## Information provided
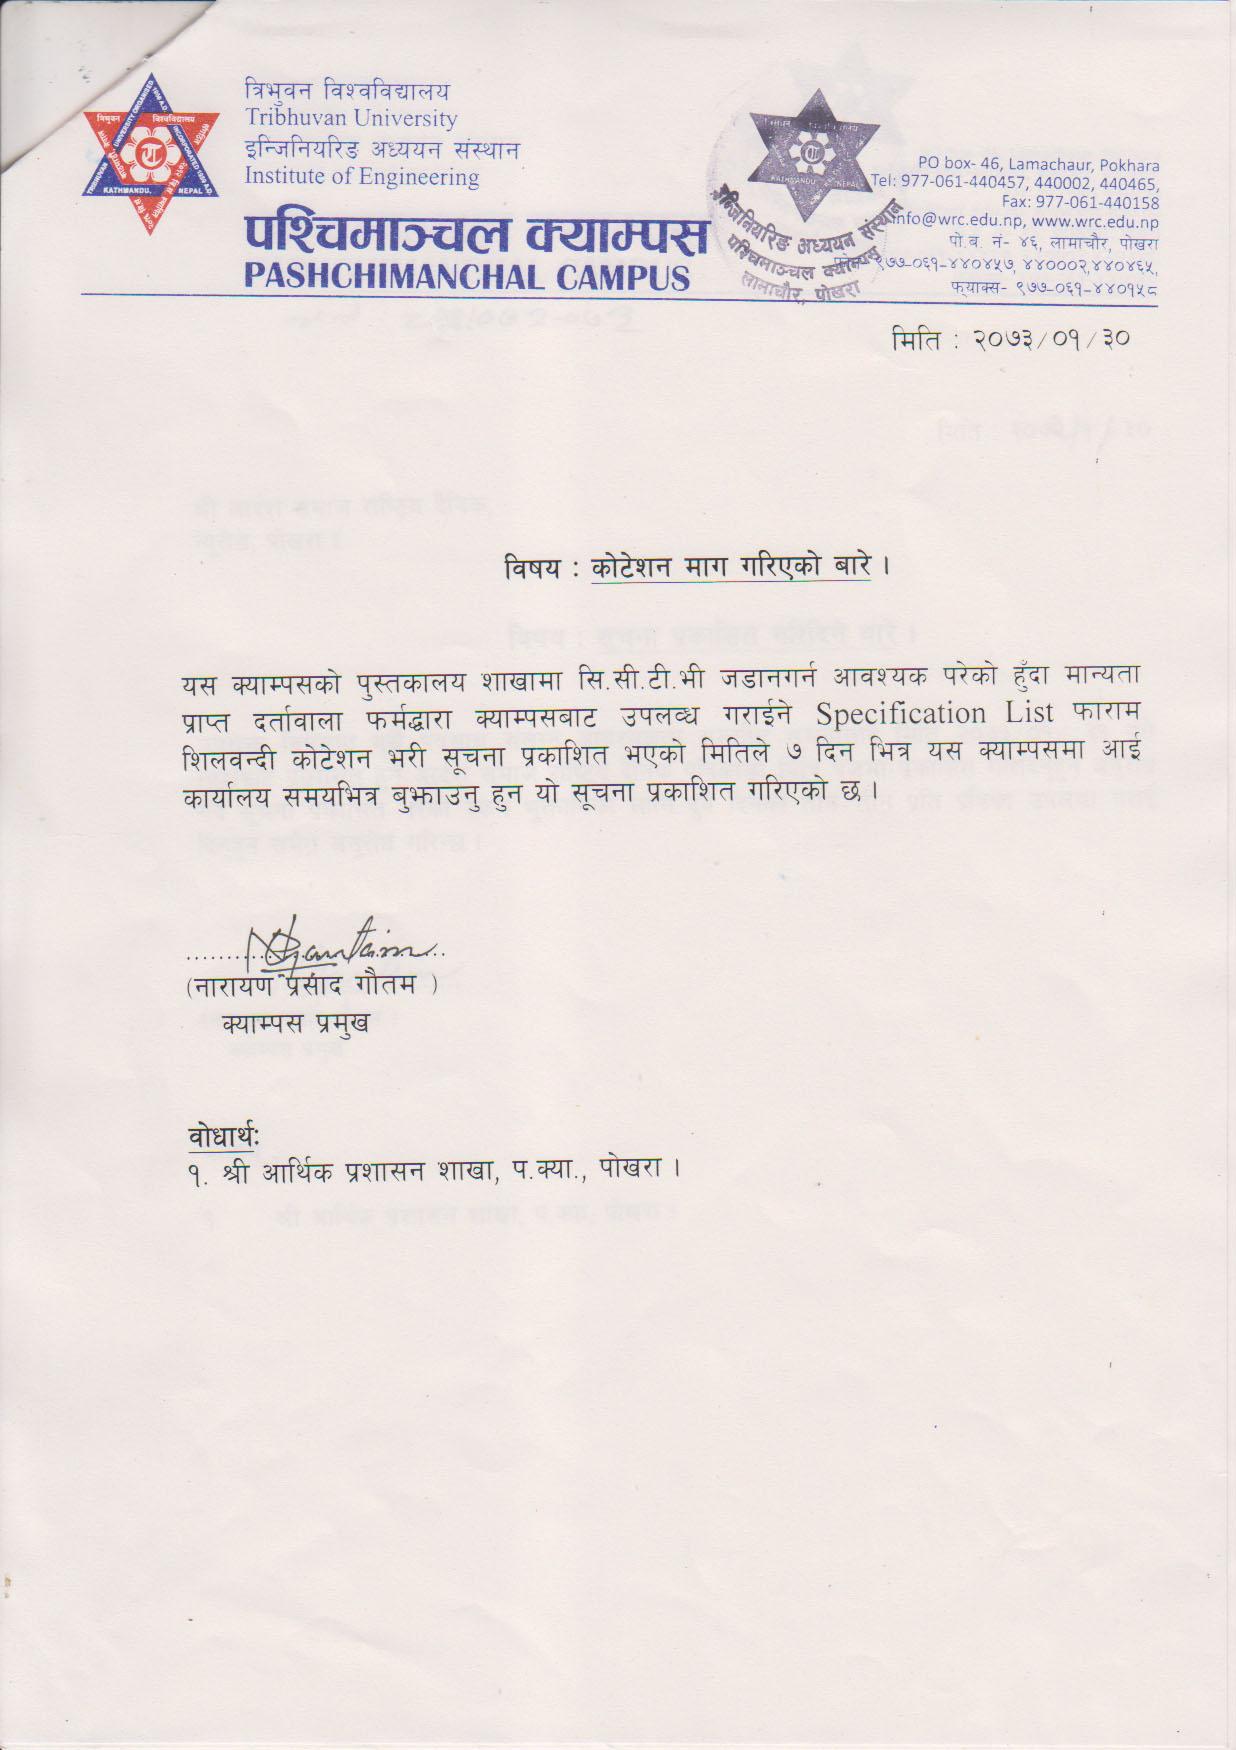 cctv letter
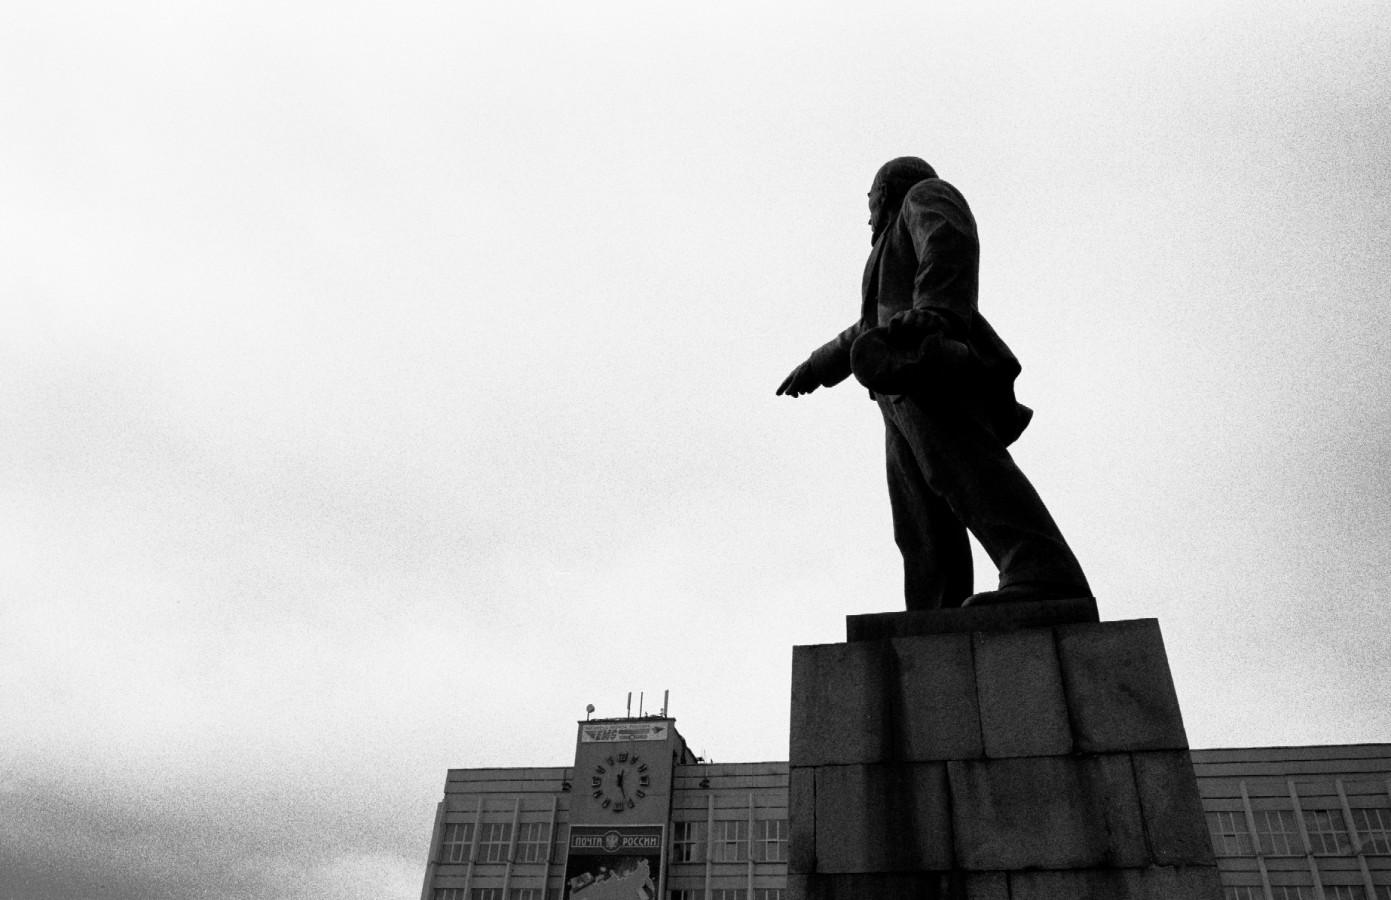 Lenin shows the way, Vladivostok
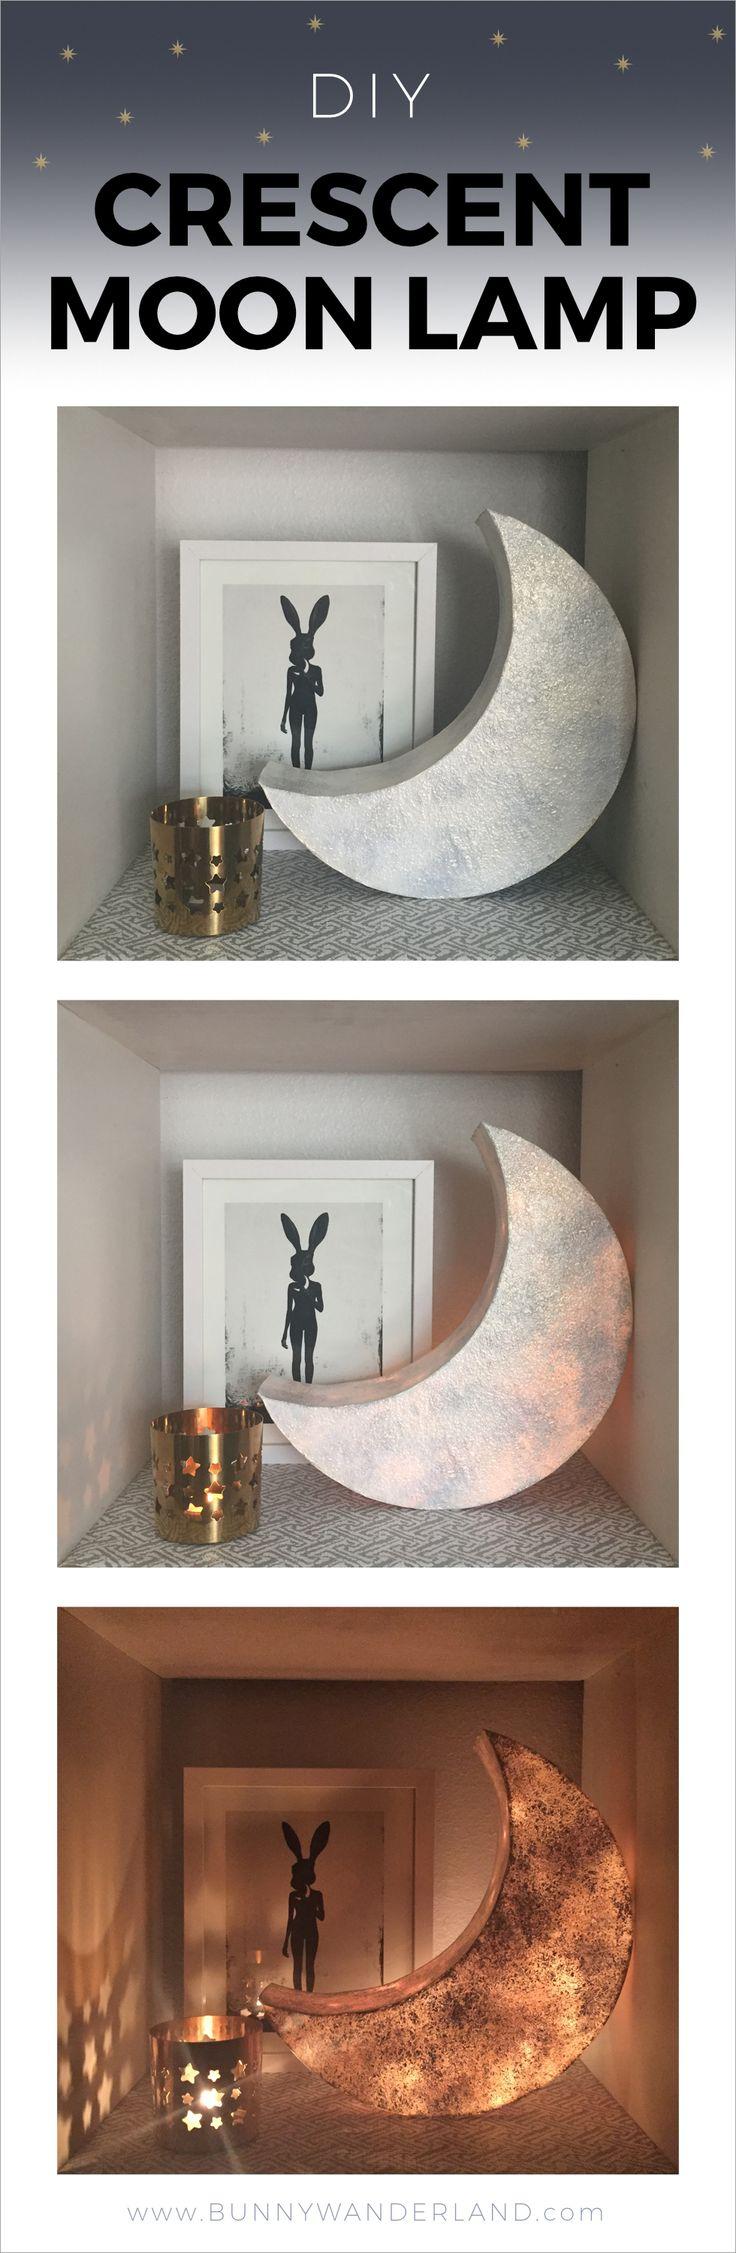 http://bunnywanderland.com   DIY Crescent Moon Lamp
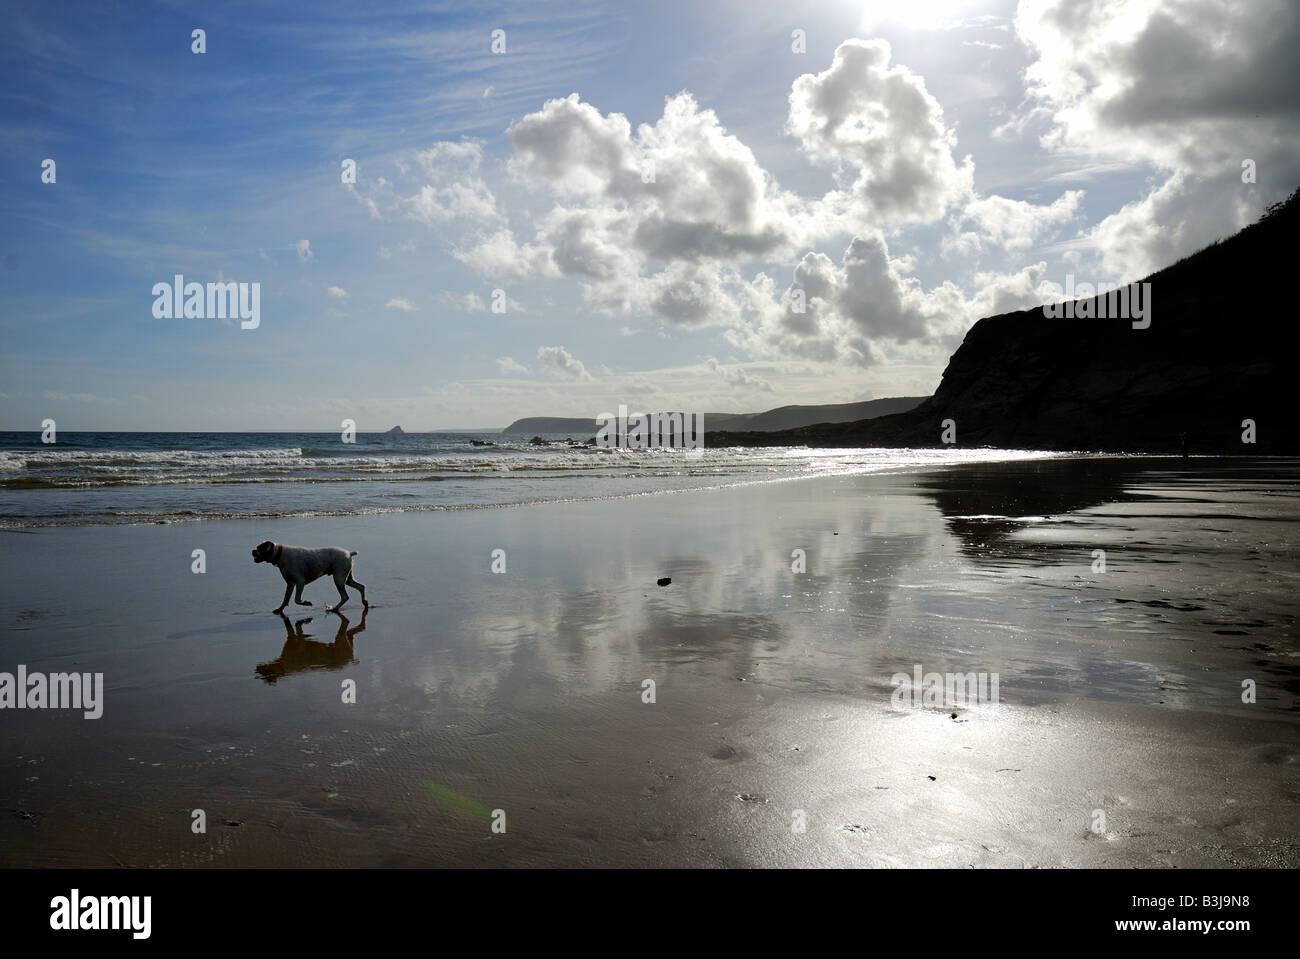 Dog on sandy beach in Cornwall - Stock Image

## About this task
The whole of the data needs to be copied word for word, though not its pictures.

## Exercise answer
 cctv letter
 Lenin shows the way, Vladivostok
 http://bunnywanderland.com   DIY Crescent Moon Lamp
 Dog on sandy beach in Cornwall - Stock Image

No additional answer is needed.